**PROBLEM TO SOLVE**: Find the line that contains "Angel Dark Porn". Copy it and every line after it to the end of the material below, exactly, with no pictures.

**COLLECTED DATA**:
[Start of section]

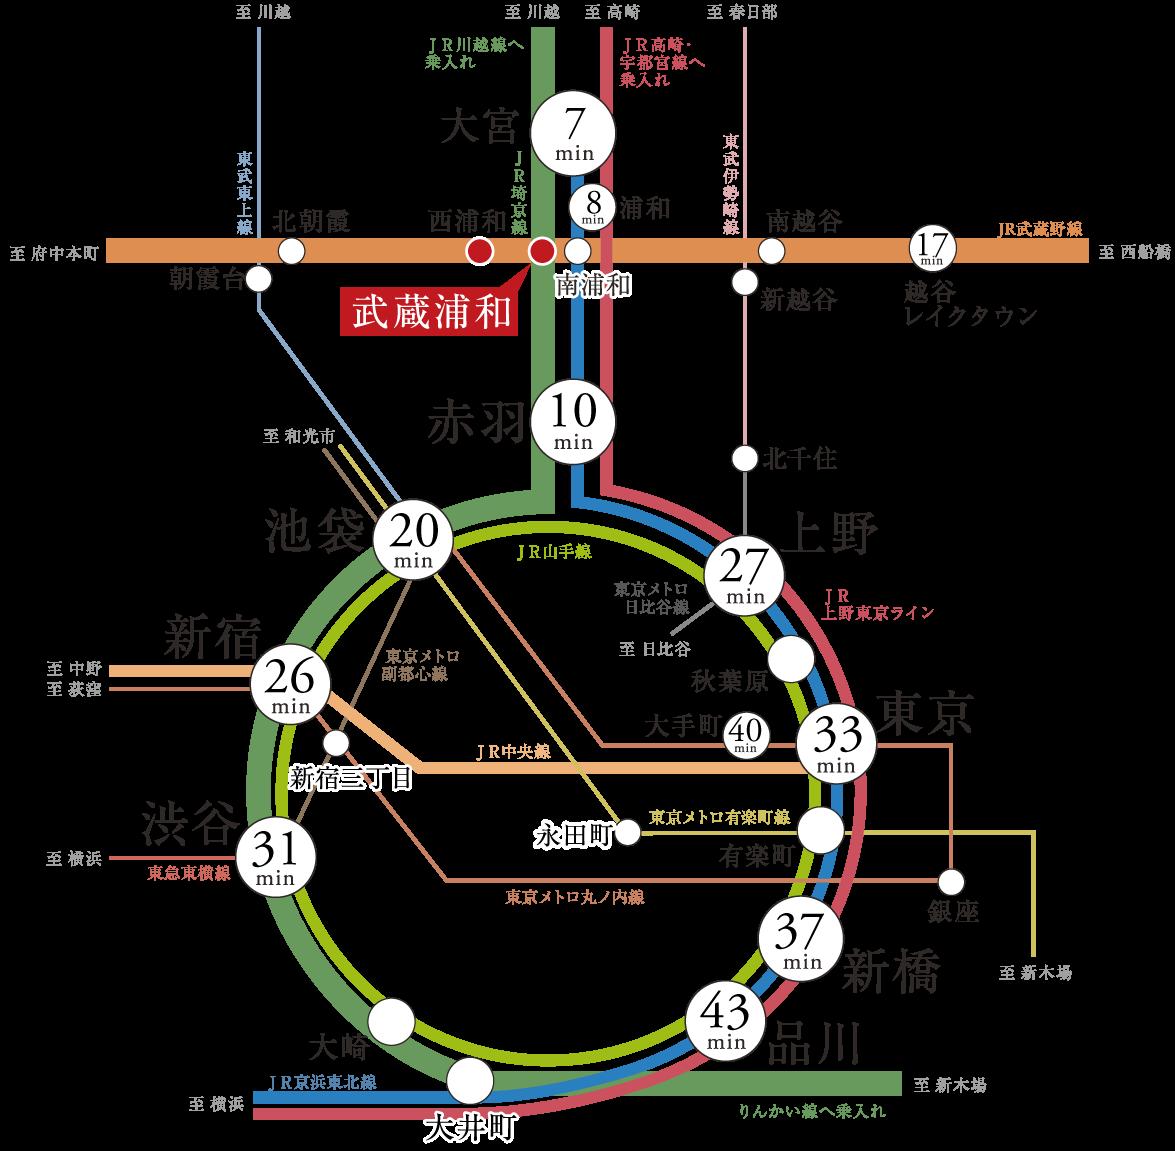 Japan Image 埼京線 路線図
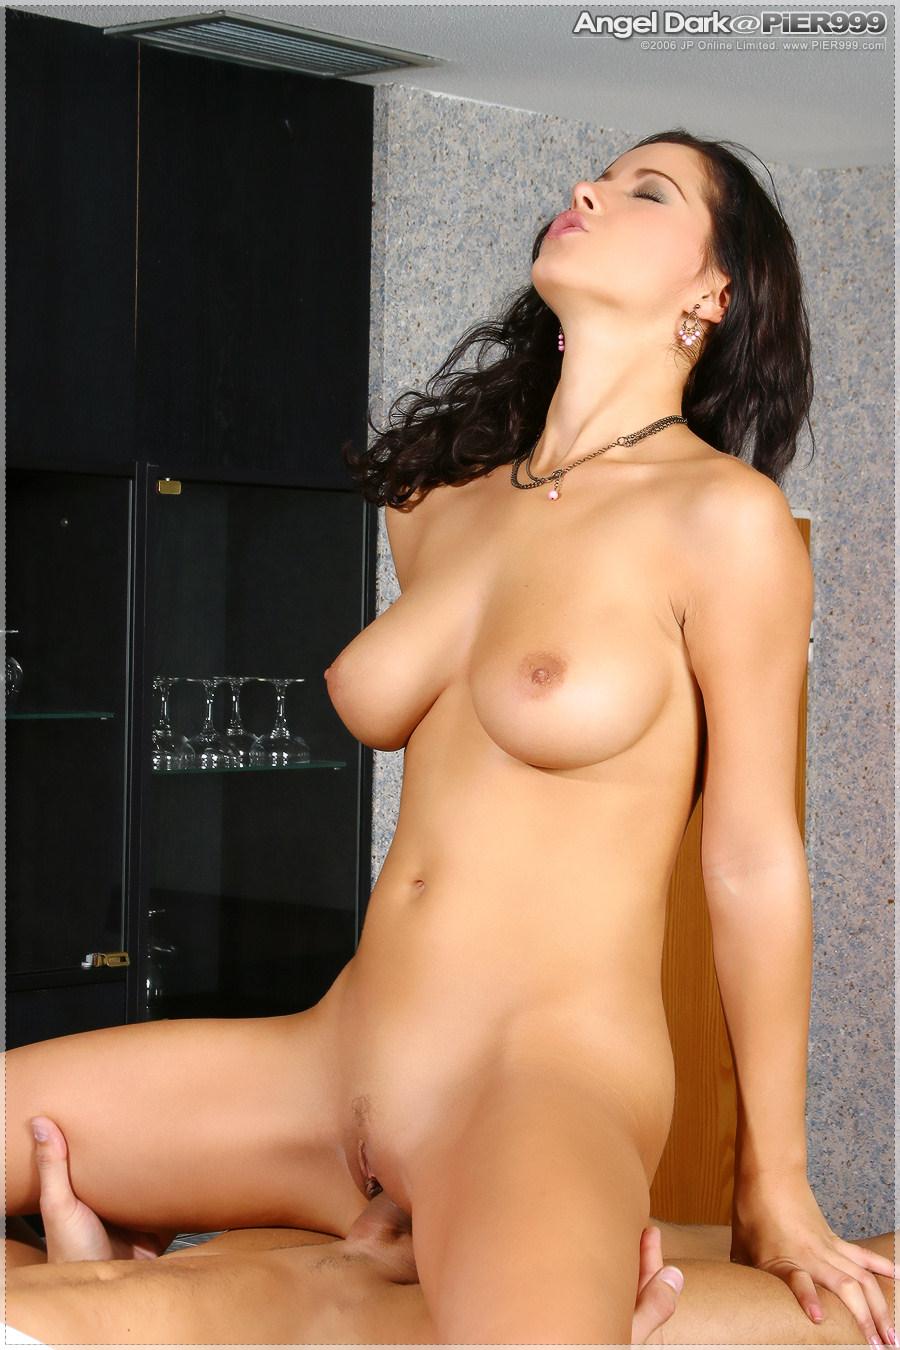 Angel Dark Porn Pics angel dark nude - 712 pictures: rating 9.82/10
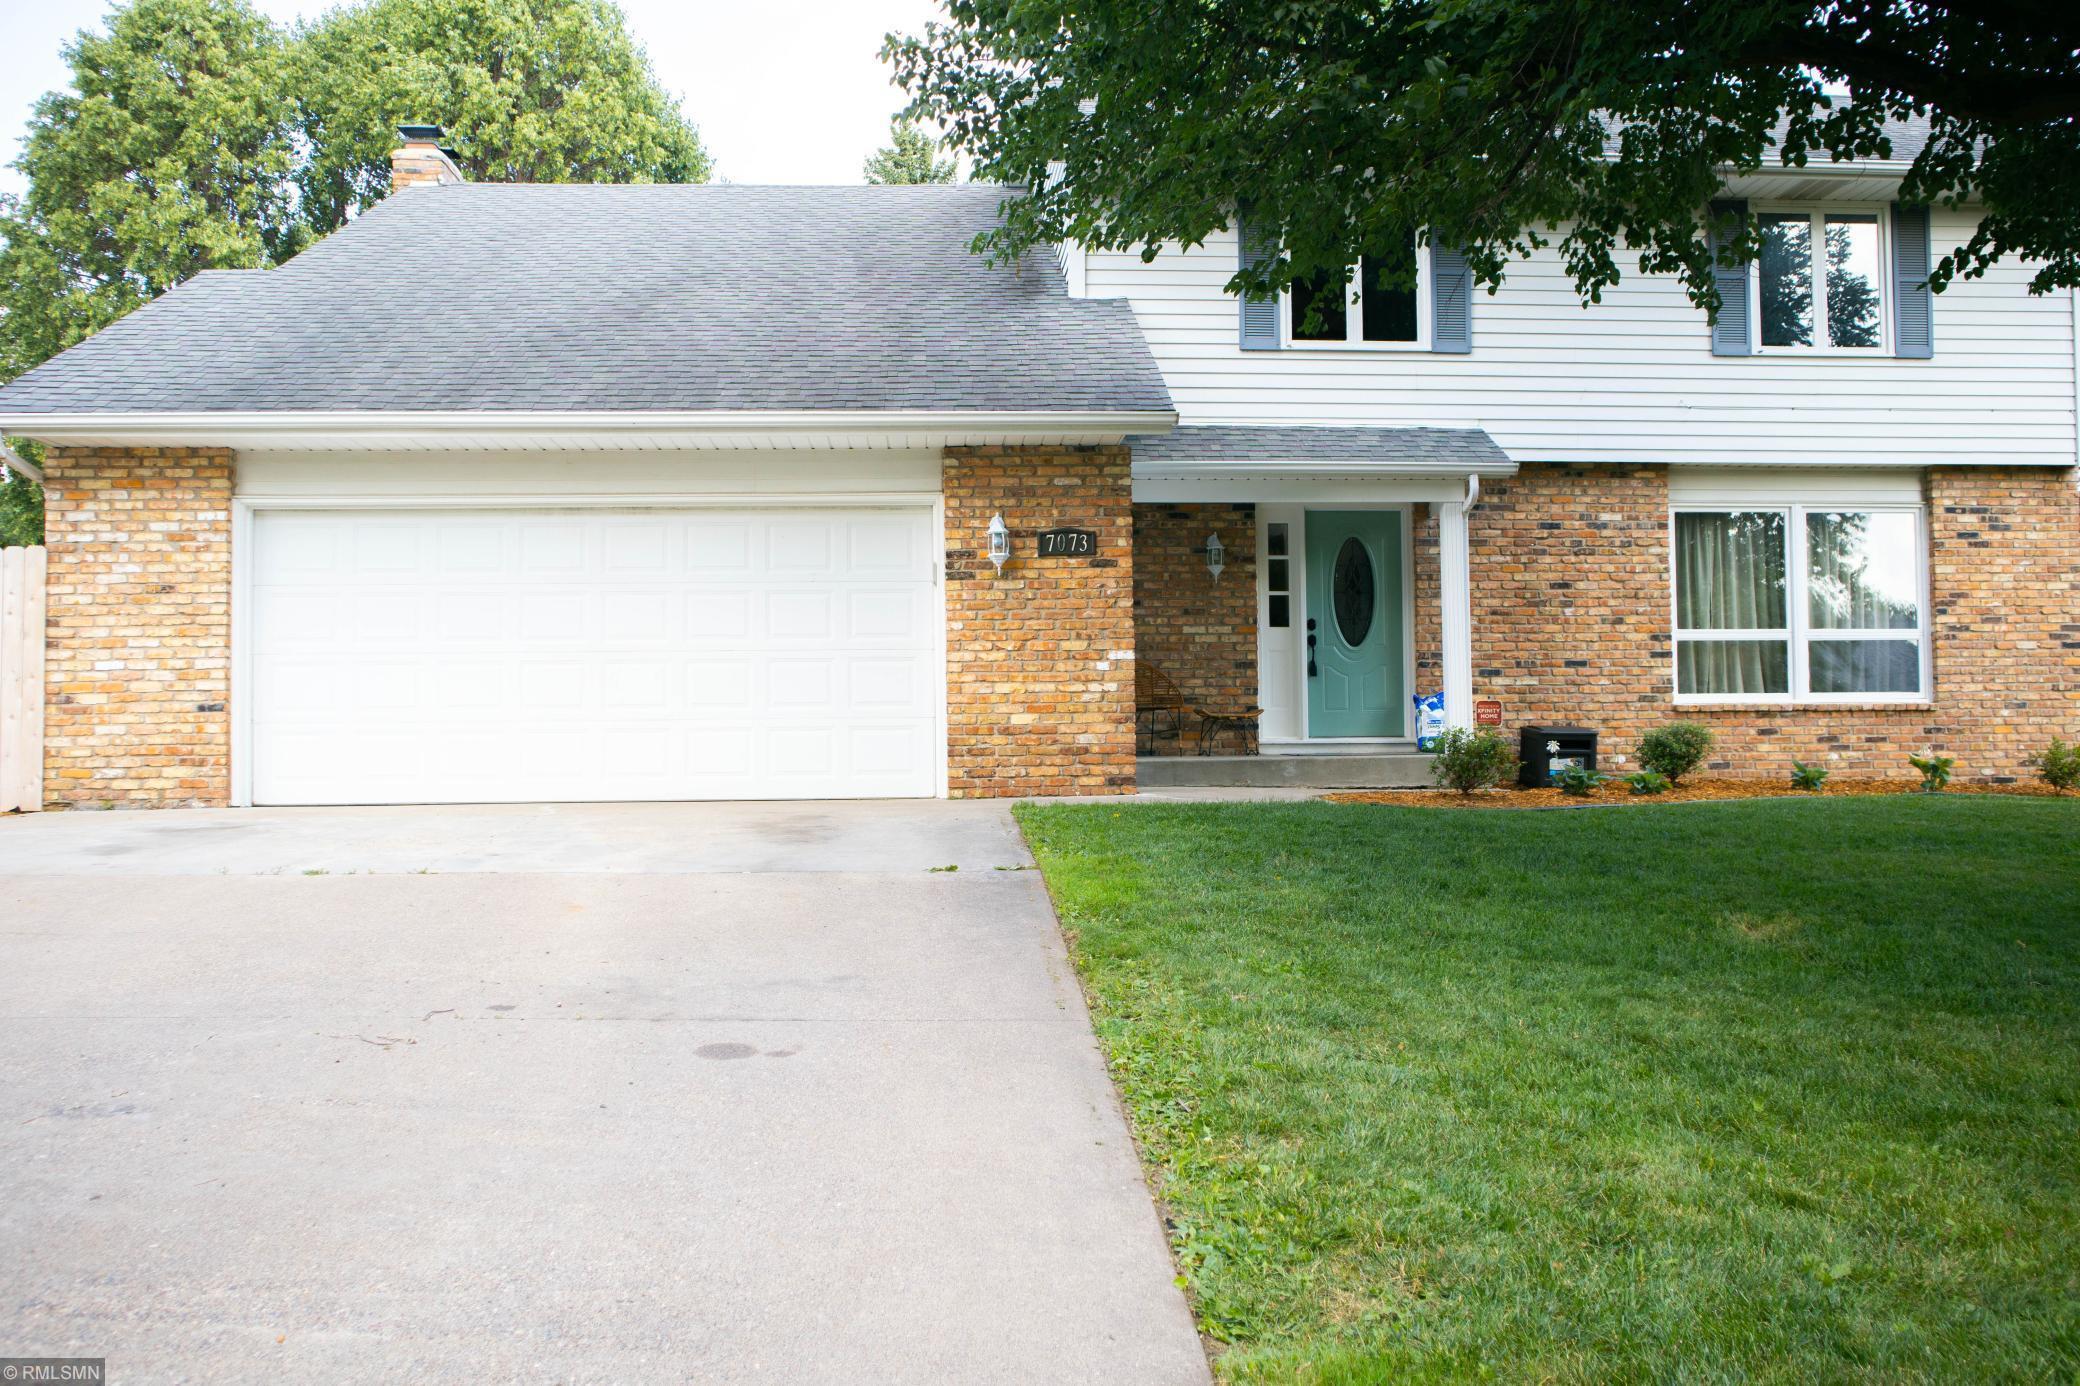 7073 Irvin Avenue S, Cottage Grove, MN 55016

[End of section]

**ANSWER TO THIS TASK**:
 Angel Dark Porn Pics angel dark nude - 712 pictures: rating 9.82/10
 7073 Irvin Avenue S, Cottage Grove, MN 55016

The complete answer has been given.